Example, I am easily able to get the last day of each month and join that to my data table, but the problem is, if the last day of the month does not have data, then there is no returned data. What I need is for the SELECT to return the last day with data for the month.
This is probably easy to do, but to be honest, my brain fart is starting to hurt.
I've attached the select below that works for returning the data for only the last day of the month for the last 12 months.
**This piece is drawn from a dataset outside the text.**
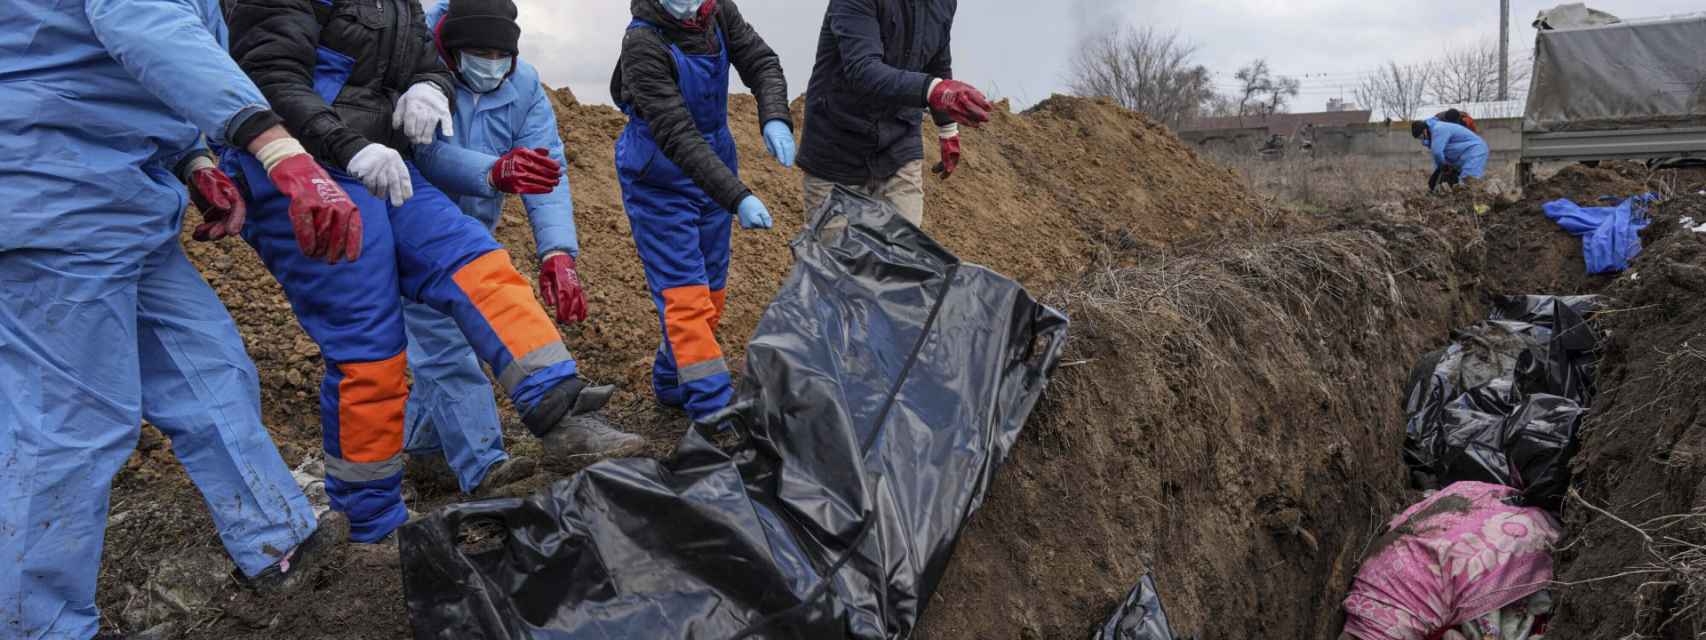 Los cadáveres se colocan en una fosa común en las afueras de Mariúpol, Ucrania, en marzos.

Thanks in advance for your help!
SELECT fd.cust_id,fd.server_name,fd.instance_name,
TRUNC(fd.coll_date) AS coll_date,fd.column_name
FROM super_table fd,
(SELECT TRUNC(daterange,'MM')-1 first_of_month
FROM (
select TRUNC(sysdate-365,'MM') + level as DateRange
from dual
connect by level<=365)
GROUP BY TRUNC(daterange,'MM')) fom
WHERE fd.cust_id = :CUST_ID
AND fd.coll_date > SYSDATE-400
AND TRUNC(fd.coll_date) = fom.first_of_month
GROUP BY fd.cust_id,fd.server_name,fd.instance_name,
TRUNC(fd.coll_date),fd.column_name
ORDER BY fd.server_name,fd.instance_name,TRUNC(fd.coll_date)
You probably need to group your data so that each month's data is in the group, and then within the group select the maximum date present. The sub-query might be:
SELECT MAX(coll_date) AS last_day_of_month
FROM Super_Table AS fd
GROUP BY YEAR(coll_date) * 100 + MONTH(coll_date);
This presumes that the functions YEAR() and MONTH() exist to extract the year and month from a date as an integer value. Clearly, this doesn't constrain the range of dates - you can do that, too. If you don't have the functions in Oracle, then you do some sort of manipulation to get the equivalent result.
Using information from Rhose (thanks):
SELECT MAX(coll_date) AS last_day_of_month
FROM Super_Table AS fd
GROUP BY TO_CHAR(coll_date, 'YYYYMM');
This achieves the same net result, putting all dates from the same calendar month into a group and then determining the maximum value present within that group.
Here's another approach, if ANSI row_number() is supported:
with RevDayRanked(itemDate,rn) as (
select
cast(coll_date as date),
row_number() over (
partition by datediff(month,coll_date,'2000-01-01') -- rewrite datediff as needed for your platform
order by coll_date desc
)
from super_table
)
select itemDate
from RevDayRanked
where rn = 1;
Rows numbered 1 will be nondeterministically chosen among rows on the last active date of the month, so you don't need distinct. If you want information out of the table for all rows on these dates, use rank() over days instead of row_number() over coll_date values, so a value of 1 appears for any row on the last active date of the month, and select the additional columns you need:
with RevDayRanked(cust_id, server_name, coll_date, rk) as (
select
cust_id, server_name, coll_date,
rank() over (
partition by datediff(month,coll_date,'2000-01-01')
order by cast(coll_date as date) desc
)
from super_table
)
select cust_id, server_name, coll_date
from RevDayRanked
where rk = 1;
If row_number() and rank() aren't supported, another approach is this (for the second query above). Select all rows from your table for which there's no row in the table from a later day in the same month.
select
cust_id, server_name, coll_date
from super_table as ST1
where not exists (
select *
from super_table as ST2
where datediff(month,ST1.coll_date,ST2.coll_date) = 0
and cast(ST2.coll_date as date) > cast(ST1.coll_date as date)
)
If you have to do this kind of thing a lot, see if you can create an index over computed columns that hold cast(coll_date as date) and a month indicator like datediff(month,'2001-01-01',coll_date). That'll make more of the predicates SARGs.
Putting the above pieces together, would something like this work for you?
SELECT fd.cust_id,
fd.server_name,
fd.instance_name,
TRUNC(fd.coll_date) AS coll_date,
fd.column_name
FROM super_table fd,
WHERE fd.cust_id = :CUST_ID
AND TRUNC(fd.coll_date) IN (
SELECT MAX(TRUNC(coll_date))
FROM super_table
WHERE coll_date > SYSDATE - 400
AND cust_id = :CUST_ID
GROUP BY TO_CHAR(coll_date,'YYYYMM')
)
GROUP BY fd.cust_id,fd.server_name,fd.instance_name,TRUNC(fd.coll_date),fd.column_name
ORDER BY fd.server_name,fd.instance_name,TRUNC(fd.coll_date)